I am ashamed to ask such an easy question but, well: Lets say I got a function $$ f(x,y)=xy $$ Now let's compute the total differential of the function $$ d(f(x,y))=xdy+ydx $$ Now if I do $$ \int d(f(x,y))=\int(xdy+ydx)=\int xdy +\int ydx =x\int dy +y \int dx = 2xy \neq f(x,y) $$ Where is the bias in the reasoning ? Thanks in advance

Answer 1

You're being sloppy in defining the integral.

When you write $\int \mathrm d(f(x,y))$ you are really writing a line integral which needs to have some path specified.
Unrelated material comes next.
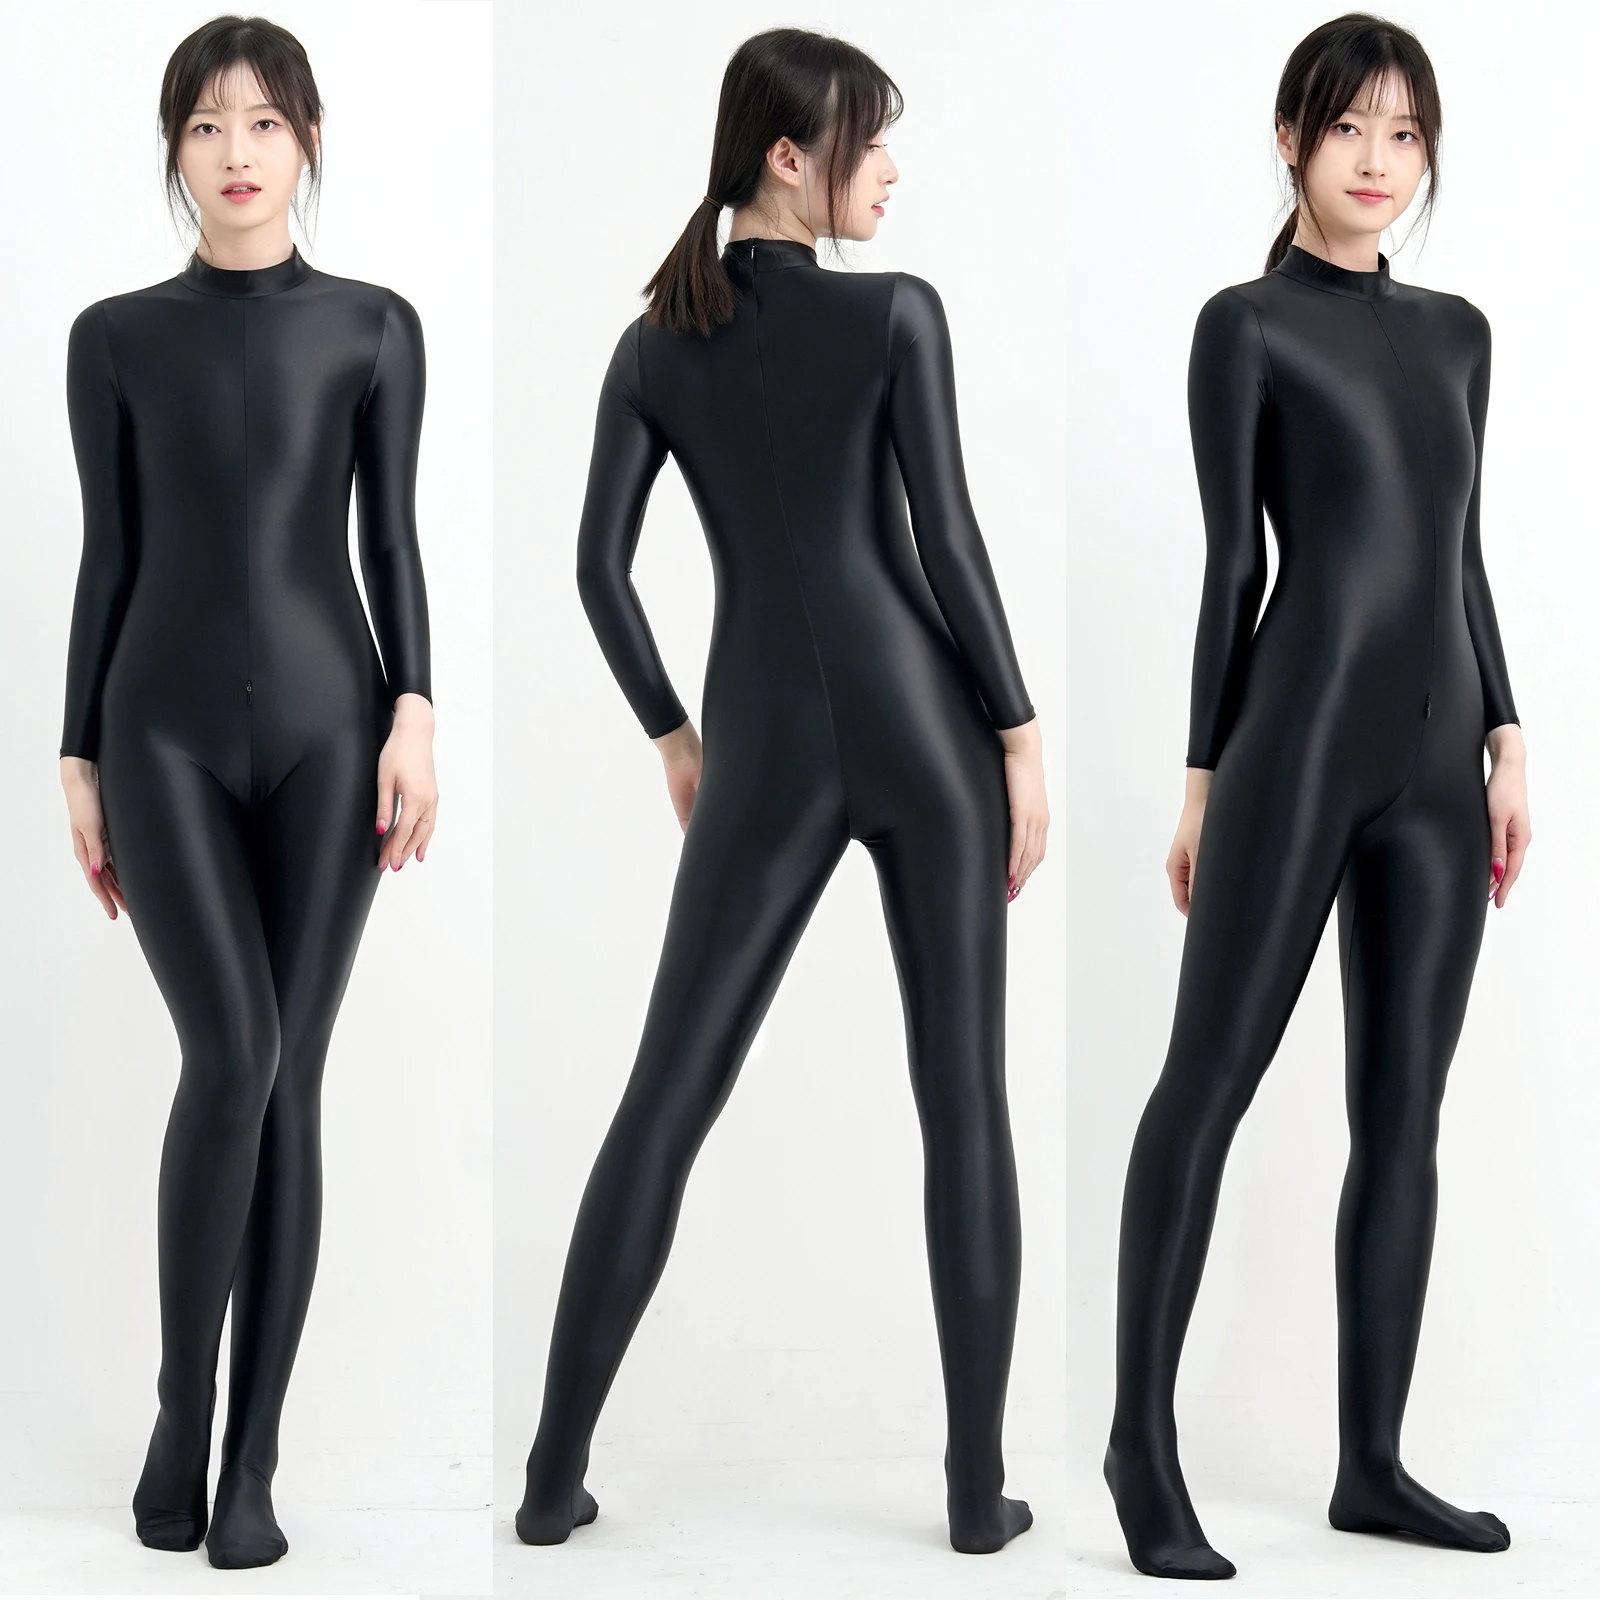 

Women Sexy Shiny Bodysuit Tight-fitting Oil Smooth Back Zipper Overalls Yoga Zentai Suits Casual Sport Tights Catsuit Jumpsuits
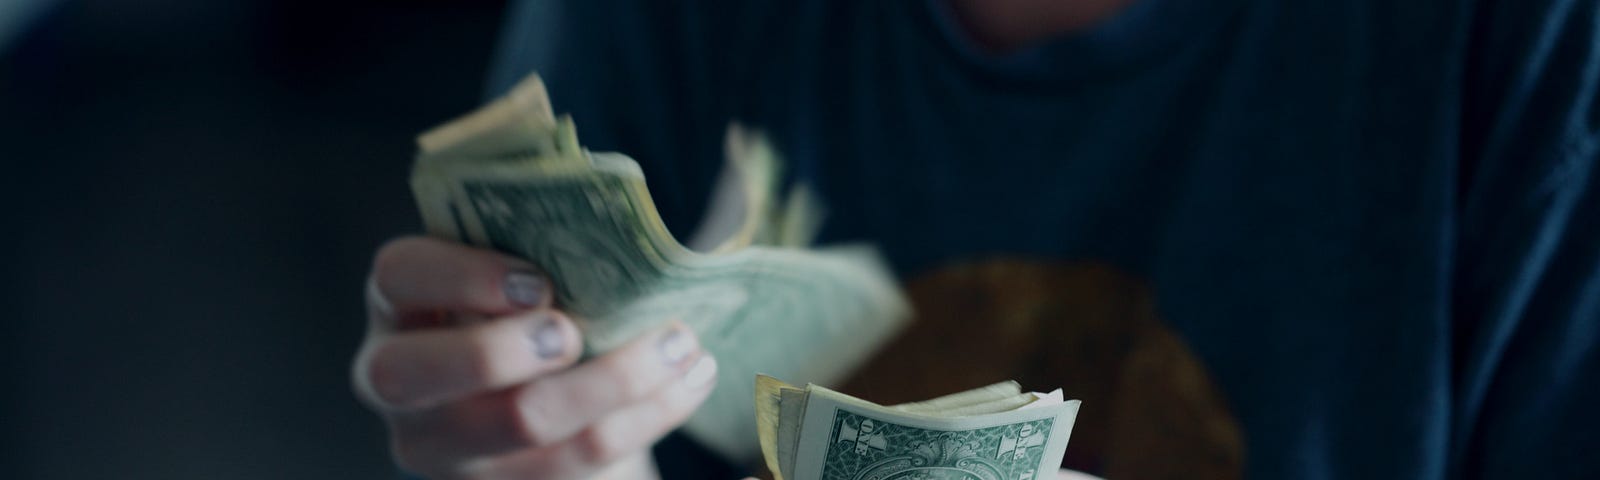 person counting money in hand

Since you are integrating an exact differential the value of this line integral will equal the difference in the value of the function at the beginning and end points of the path.

For instance we could let the path be the straight line which connects the origin to the point $(x_0,y_0)$. If we call this path $\gamma : [0,1] \rightarrow \mathbb{R}^2$ then we can write $\gamma(t) = \langle x_0 t , y_0 t \rangle$ and the line integral becomes,

$$\begin{align*} \int_{C} ydx + xdy &= \int_0^1 y(t) \frac{dx}{dt} dt + x(t) \frac{dy} {dt}dt \\&= \int_{0}^1 (y_0 t) x_0 dt + (x_0t) y_0 dt \\&= x_0 y_0 \int_{0}^1 2 t dt \\&= x_0 y_0 \left[ t^2 \right]_0^1 \\&= x_0 y_0 \end{align*}$$

Answer 2

Properly $\int x \ dy + y \ dx $ is a path integral, so your treatment is not correct as a path is not specified.

For example, suppose we start at $(x_1,y_1)$ and end at $(x_2,y_2)$ in two line segments, first parallel to the $x$ axis $L_1 : (x_1,y_1) \to (x_2,y_1)$ and then parallel to the $y$ axis $L_2 : (x_2,y_1) \to (x_2,y_2)$.

Then

$$\int_{L_1 + L_2} x \ dy + y \ dx = \int_{L_1 + L_2} d(xy) = [ xy ]_{(x_1,y_1)}^{(x_2,y_2)} = x_2y_2 - x_1y_1$$

And piecewise $$\begin{align} \int_{L_1 + L_2} x \ dy + y \ dx & = \int_{L_1} x \ dy + \int_{L_1} y \ dx + \int_{L_2} x \ dy + \int_{L_2} y \ dx \\ & = \int_{y_1}^{y_1} x \ dy + \int_{x_1}^{x_2} y_1 \ dx + \int_{y_1}^{y_2} x_2 \ dy + \int_{x_2}^{x_2} y \ dx \\ & = \quad 0 \quad\ \ \ \ + y_1(x_2-x_1) + x_2(y_2-y_1) \ + \quad 0 \\ & = x_2y_2 - x_1y_1 \end{align}$$ ...which is consistent.

Answer 3

Thanks a lot for your answer. One last question, the way to identify that it is a line integral is this ? $$ \dfrac{\partial^2 f}{\partial_x \partial_y}=\dfrac{\partial^2 f}{\partial_y \partial_x}\neq0 $$ And if I would have $$ \dfrac{\partial^2 f}{\partial_x \partial_y}=\dfrac{\partial^2 f}{\partial_y \partial_x}=0 $$ It would be valid to simply do $$ \int (f(x,y)) $$ Or I did not get it right?